# Why were my ribs tough?



## robertwhite (Jul 5, 2014)

Put a large rack of ribs which were first squared off St.Louis style into my Traeger pellet smoker yesterday. The rack was cut in equal halves and the bottom portion was also smoked.

Using the 3-2-1 method, I pulled the ribs at 167*.

The bottom portion of the rack that was cut of to get the St.Louis cut was pretty much perfect. Great flavor, tenderness, chew, etc.

The 2 slabs of ribs had great smoke ring and taste, but the meat was way too tough.

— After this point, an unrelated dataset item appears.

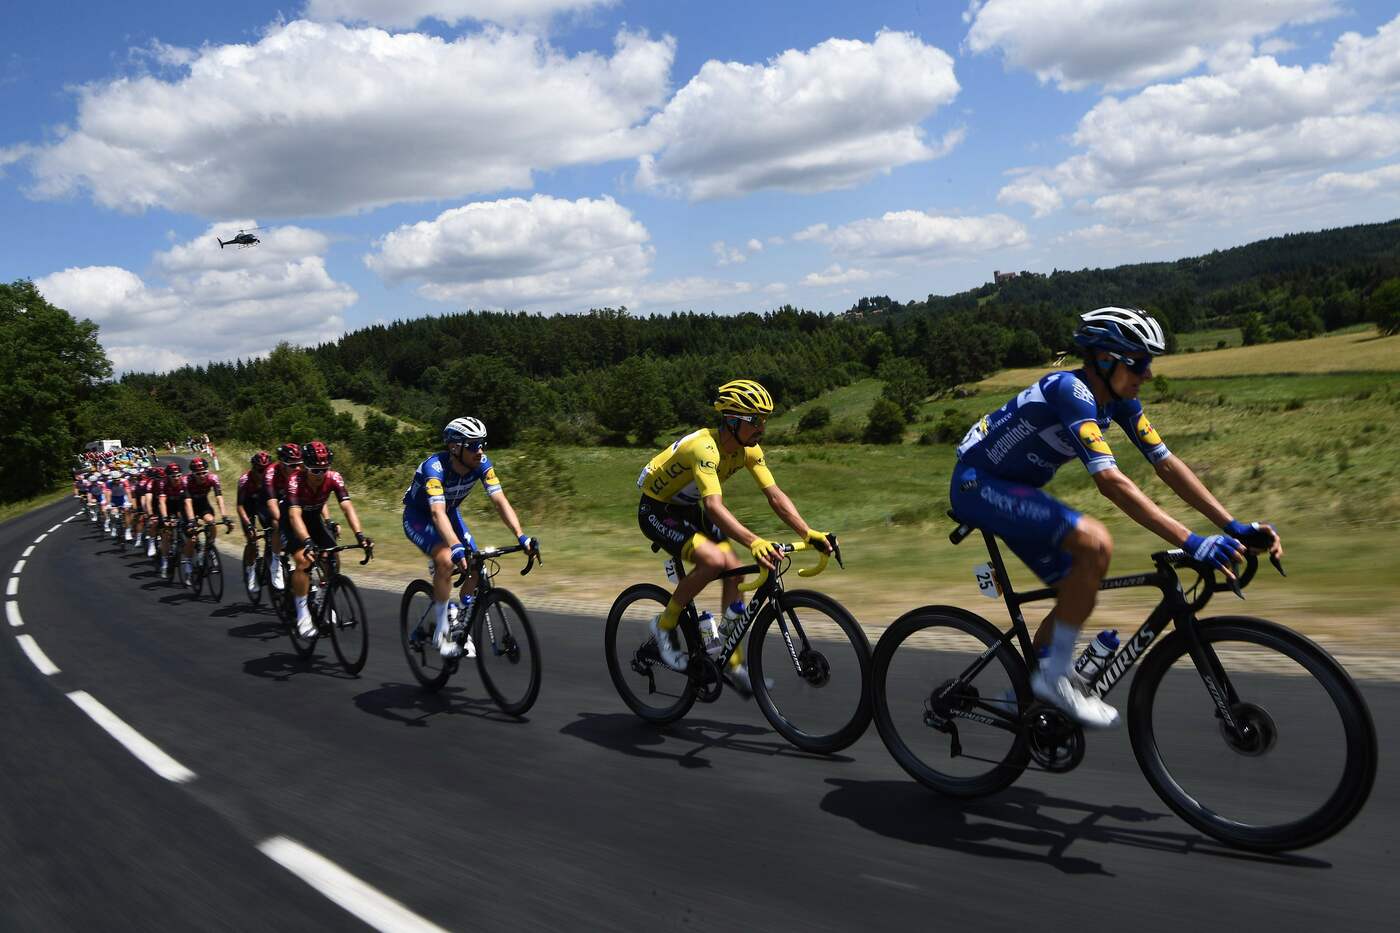 Tour de France 2019 favoriti tappa 17: Point du Gard-Gap, l'analisi e i consigli del B-Lab sulla tappa di oggi al Tour de France 2019!

So why were the ribs tough when the boneless portion was just fine?


----------



## mdboatbum (Jul 5, 2014)

Just going by what you think the internal temp was, they weren't done. Time and temperature are only part of the equation. Plus it's really difficult to get an accurate internal temp on ribs. The bend test and the poke test will tell you more accurately when they're done to your liking. What temperature were you running your smoker? It sounds like it may have been on the low side if you did the full 3-2-1.


----------



## robertwhite (Jul 5, 2014)

Internal temp taken with Thermapen.

Cooking temp was set on smoke (185-205*) for the first 3 hrs, taken off, wrapped, cooked at 225* for 2 hrs, unwrapped and cooked at 225* for final hour.

What I don't understand is if all the sections were cooked the exact same way, why did the boneless section come out perfect and yet the ribs themselves were tough?


----------



## bmudd14474 (Jul 5, 2014)

Sounds like the smoker wasn't hot enough if you used the 3-2-1 method and that was the outcome.


----------



## robertwhite (Jul 5, 2014)

So you guy's think the ribs were not cooked enough, which is why they were tough?

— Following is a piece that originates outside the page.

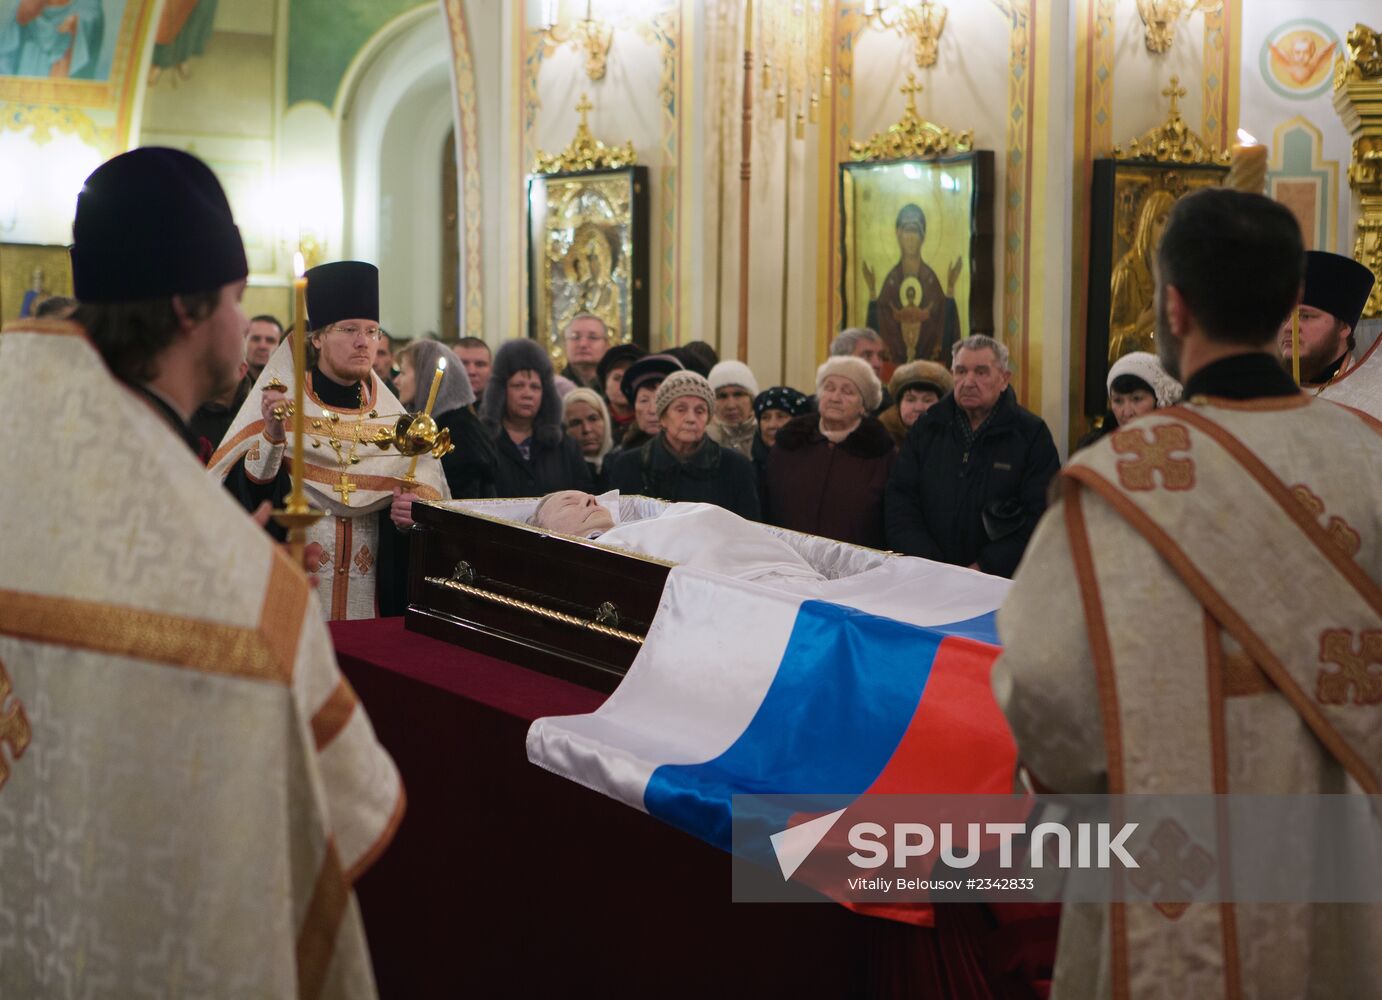 Funeral of legendary firearms designer Mikhail Kalashnikov in Izhevsk

Does a boneless piece of meat generally cook faster than a bone in piece of meat?


----------



## bmudd14474 (Jul 5, 2014)

Based on what you said I don't think your smoker was hot enough. What temp did you have it set at? and did you have a Thermometer inside measuring the temp as well?

I have found that a bone in or boneless cook about the same. What makes a difference is how thick the meat is because you have to get the temp up all that way thru.


----------



## brooksy (Jul 5, 2014)

Smoker wasn't hot enough and they weren't cooked long enough. You don't go by temp when it comes to ribs. Ribs are a touch and feel piece of meat. Bend test or tear test are pretty much the only way to test for tenderness. Grab two bones and pull them apart. If they tear easily then you're done. Also cook them from 225/250. You can even go up to 275 and still get good product.


----------



## robertwhite (Jul 5, 2014)

bmudd14474 said:


> Based on what you said I don't think your smoker was hot enough. What temp did you have it set at? and did you have a Thermometer inside measuring the temp as well?
> 
> I have found that a bone in or boneless cook about the same. What makes a difference is how thick the meat is because you have to get the temp up all that way thru.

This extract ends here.